Member of the Chamber of Deputies
- In office 1 June 1912 – 26 August 1915
- Constituency: Coelemu and Talcahuano

Personal details
- Born: 1878 Concepción, Chile
- Died: 26 August 1915 (aged 36–37) Santiago, Chile
- Party: Radical Party
- Spouse: Ema Suárez

= Guillermo Bahamonde =

Chilean politician (1878–1915)

Guillermo Bahamonde Hoppe (1878 – 26 August 1915) was a Chilean lawyer and politician who served as a member of the Chamber of Deputies of Chile.

A member of the Radical Party, Bahamonde represented Coelemu and Talcahuano from 1912 until his death in 1915. During his first term, he was a member of the Permanent Commission of Government and served as a substitute member of the Permanent Commission of Elections.

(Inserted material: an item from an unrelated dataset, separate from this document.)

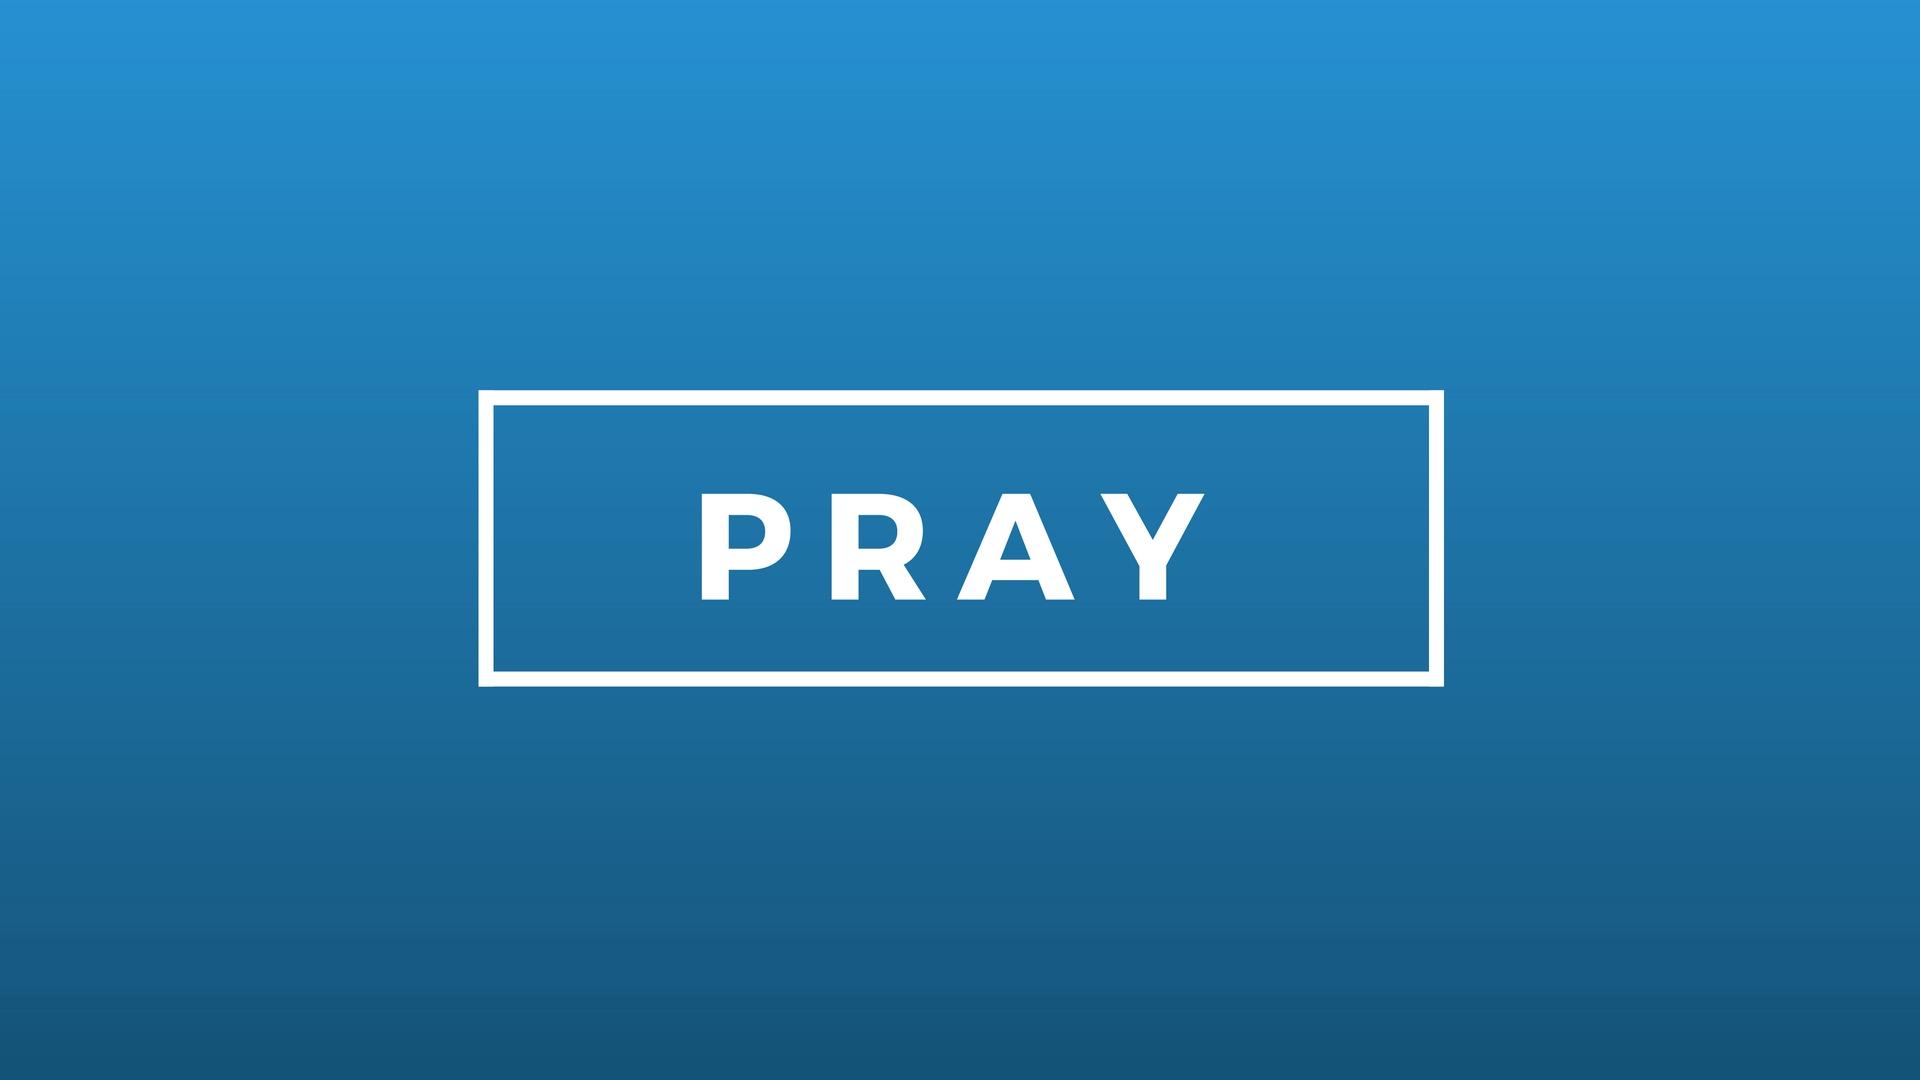 'PRAY' - JANUARY 2017

He was reelected for the 1915–1918 term and served on the Permanent Commissions of Elections and Government. His parliamentary activity included the introduction of bills concerning construction, paving, electrical services and economic matters.

==Biography==
Bahamonde was born in Concepción in 1878, the son of Rodolfo Bahamonde Larenas and Flora Hoppe Galilea. He studied humanities at the Seminario Conciliar de Concepción and later studied law at the Liceo de Concepción, qualifying as a lawyer on 3 July 1903 after submitting a thesis to the Supreme Court.

From 1896 until shortly before qualifying as a lawyer, he worked as first official of the Intendancy of Concepción. In 1905 and 1906, he served as secretary of the Court of Letters of Talcahuano, resigning at the end of 1906 to practice law in the city.

He represented several wholesale firms in Concepción and Talcahuano and also served as attorney for the Municipality of Talcahuano. At the same time, he taught law and Spanish at the Instituto Comercial de Talcahuano.

Bahamonde also served on several occasions as acting governor of Talcahuano, substitute judge and acting public prosecutor. From 1907 until his election to Congress, he was a member and secretary of the Talcahuano Chamber of Commerce.

He died in Santiago on 26 August 1915, shortly after beginning his second parliamentary term.